Experts are mixed on whether there will be any rate cuts this year.

By Jonathan Jones,

Editor, Trustnet

The Bank of England (BoE) has held rates again at 5.25%, making it almost 12 months since its last rate rise. There just two dissenting voices this time around, who proposed lowering rates by 25 basis points, while seven members of the Monetary Policy Committee (MPC) were happy to wait.

This is despite inflation dropping back to the Bank’s 2% target last month, according to data from the Office for National Statistics released this week, and GDP growing more strongly than expected.

A statement released on behalf of the MPC read: “Monetary policy will need to remain restrictive for sufficiently long to return inflation to the 2% target sustainably in the medium term in line with the MPC’s remit.”

Official Bank rate

Source: Bank of England

Lindsay James, investment strategist at Quilter Investors, said that although inflation hitting 2% was a “significant milestone”, it was not enough to allow the Bank of England to declare job done.

“While it will come as a bitter blow to the Conservative party, this decision is no real surprise given month-on-month figures suggest inflation is unlikely to remain at 2% for long. It is instead expected to rise again later this year and ultimately settle between 2% and 3%,” she added.

As such, those hoping for interest rate cuts may have to temper their expectations. She suggested the first may not arrive until the November meeting.

The main roadblock to rate cuts appears to be the labour market, with policymakers noting it is “difficult to gauge”, but remains “relatively tight by historical standards”.

James said: “With the Labour Force Participation Rate still trending down and at the lowest level since 2015, a worker shortage is one crucial inflationary factor that will need addressing by the incoming government.

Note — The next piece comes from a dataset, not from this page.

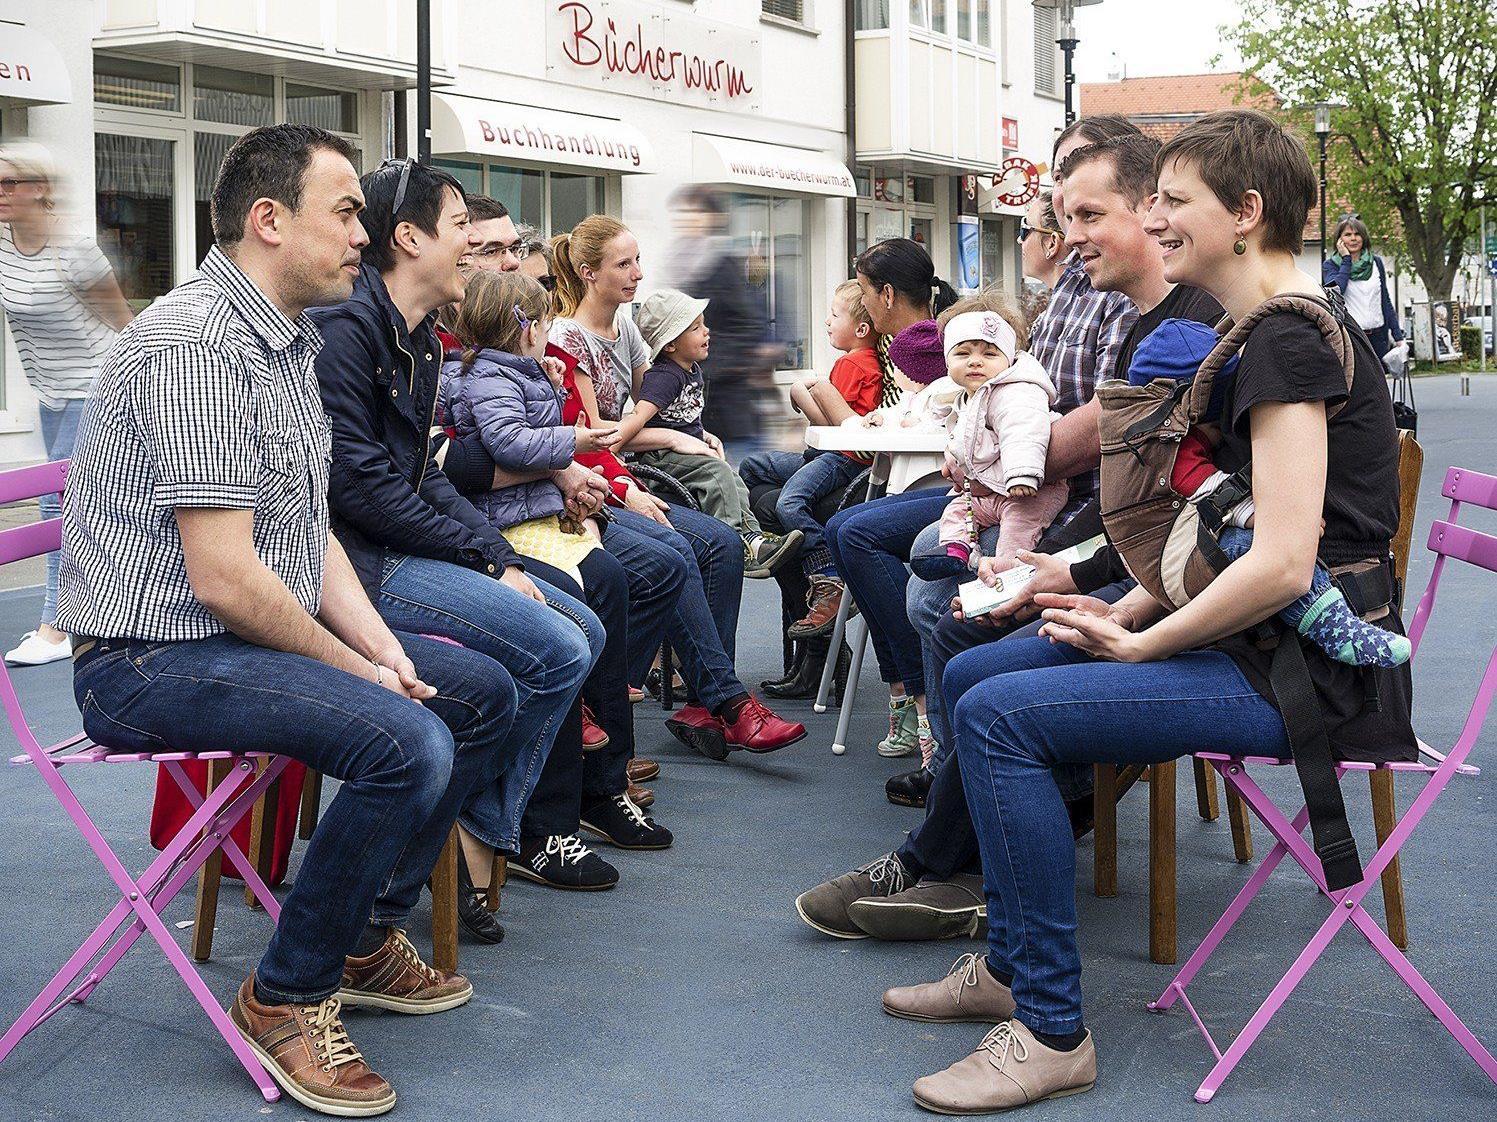 Erstmals in Vorarlberg: Lustenauerinnen und Lustenauer treffen sich am Kirchplatz und reden darüber, wie sie in ihrer Gemeinde zusammenleben möchten.

“Given the Bank’s focus on sustainably returning inflation to the target in the medium term, it could be some time yet before we see a cut.”

Not all were as pessimistic, however. Julian Howard, chief multi-asset investment strategist at GAM, said: “The path appears increasingly clear for some easing at the August meeting.”

He was particularly interested in the UK's energy bills, which are easing, with price reductions finally being passed on to consumers after months of “lumpier” price movements.

Risks remain, such as the upcoming general election, and he noted the Bank will be “keen to avoid a policy error” by cutting too soon.

Andrew Summers, chief investment officer at Omnis Investments, agreed that rate cuts are still “on the horizon” and also suggested they could start in August, although he noted that the most probable date is November.

Yet others were even more circumspect, with Nicholas Hyett, investment manager at Wealth Club, suggesting markets no longer expect the Bank to cut rates at all in 2024.

“At the beginning of the year four cuts were being priced in. It’s amazing the difference six months can make,” he said.